Of course, a large amount of complexity is hidden in the functions used
in this macro definition, but they are just functions, written
entirely in Julia. You can read their source and see precisely what they
do — and all they do is construct expression objects to be inserted into
your program's syntax tree.

Reflection
----------

In addition to the syntax-level introspection utilized in metaprogramming,
Julia provides several other runtime reflection capabilities.

**Type fields** The names of data type fields (or module members) may be interrogated
using the ``names`` function. For example, given the following type::

	type Point
	  x::FloatingPoint
	  y
	end

``names(Point)`` will return the array ``Any[:x, :y]``. The type of
each field in a ``Point`` is stored in the ``types`` field of the Point object::

	julia> typeof(Point)
	DataType
	julia> Point.types
	(FloatingPoint,Any)

**Subtypes** The *direct* subtypes of any DataType may be listed using
``subtypes(t::DataType)``. For example, the abstract DataType ``FloatingPoint``
has four (concrete) subtypes::
	
	julia> subtypes(FloatingPoint)
	4-element Array{Any,1}:
	 BigFloat
	 Float16
	 Float32
	 Float64

Any abstract subtype will also be included in this list, but further subtypes
thereof will not; recursive applications of ``subtypes`` allow to build the
full type tree.

**Type internals** The internal representation of types is critically important
when interfacing with C code. ``isbits(T::DataType)`` returns true if `T` is
stored with C-compatible aligment.

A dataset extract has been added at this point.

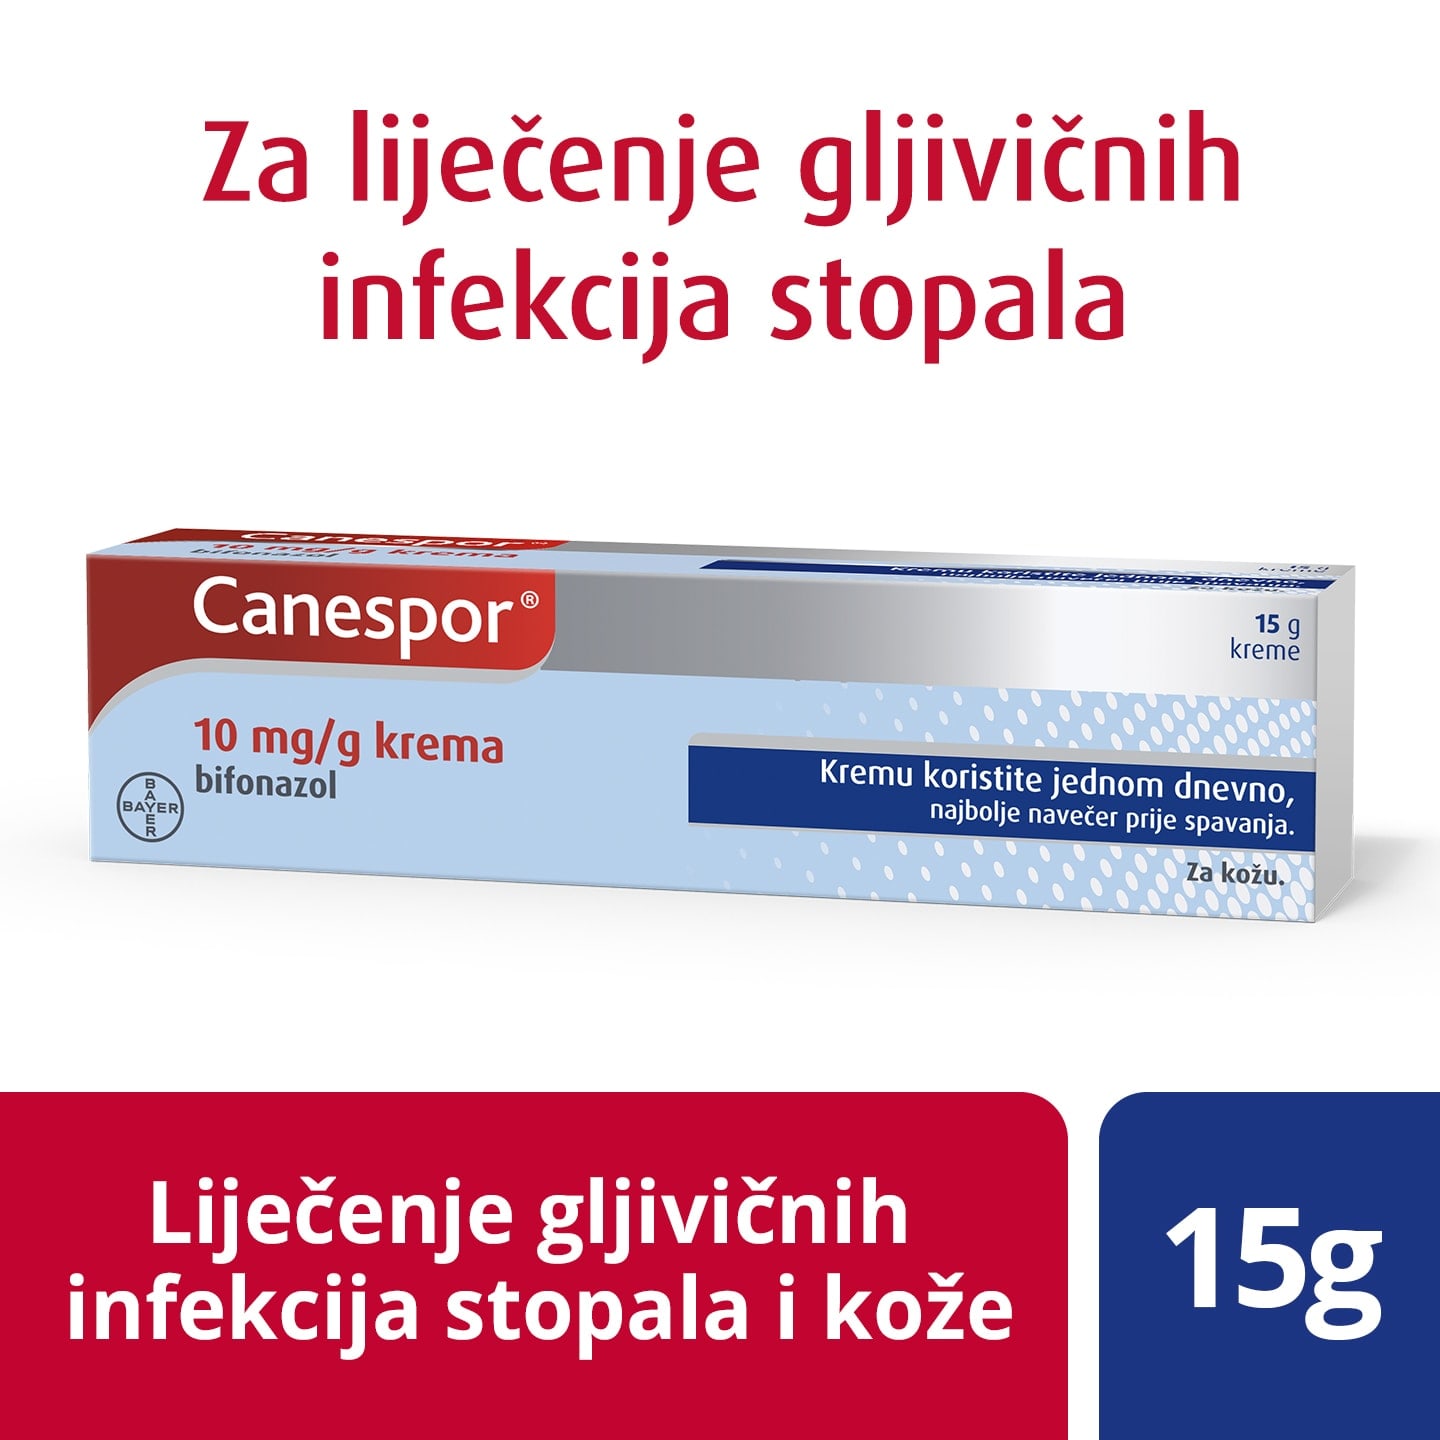 Canespor® 10 mg/g krema za liječenje gljivične infekcije stopala i gljivičnih infekcija kože 15 g

The offsets of each field may be listed
using ``fieldoffsets(T::DataType)``.

**Function methods** The methods of any function may be listed using
``methods(f::Function)``. 

**Function representations** Functions may be introspected at several levels
of representation. The lowered form of a function is available
using ``code_lowered(f::Function, (Args...))``, and the type-inferred lowered form
is available using ``code_typed(f::Function, (Args...))``.

Closer to the machine, the LLVM Intermediate Representation of a function is
printed by ``code_llvm(f::Function, (Args...))``, and finally the resulting
assembly instructions (after JIT'ing step) are available using
``code_native(f::Function, (Args...)``.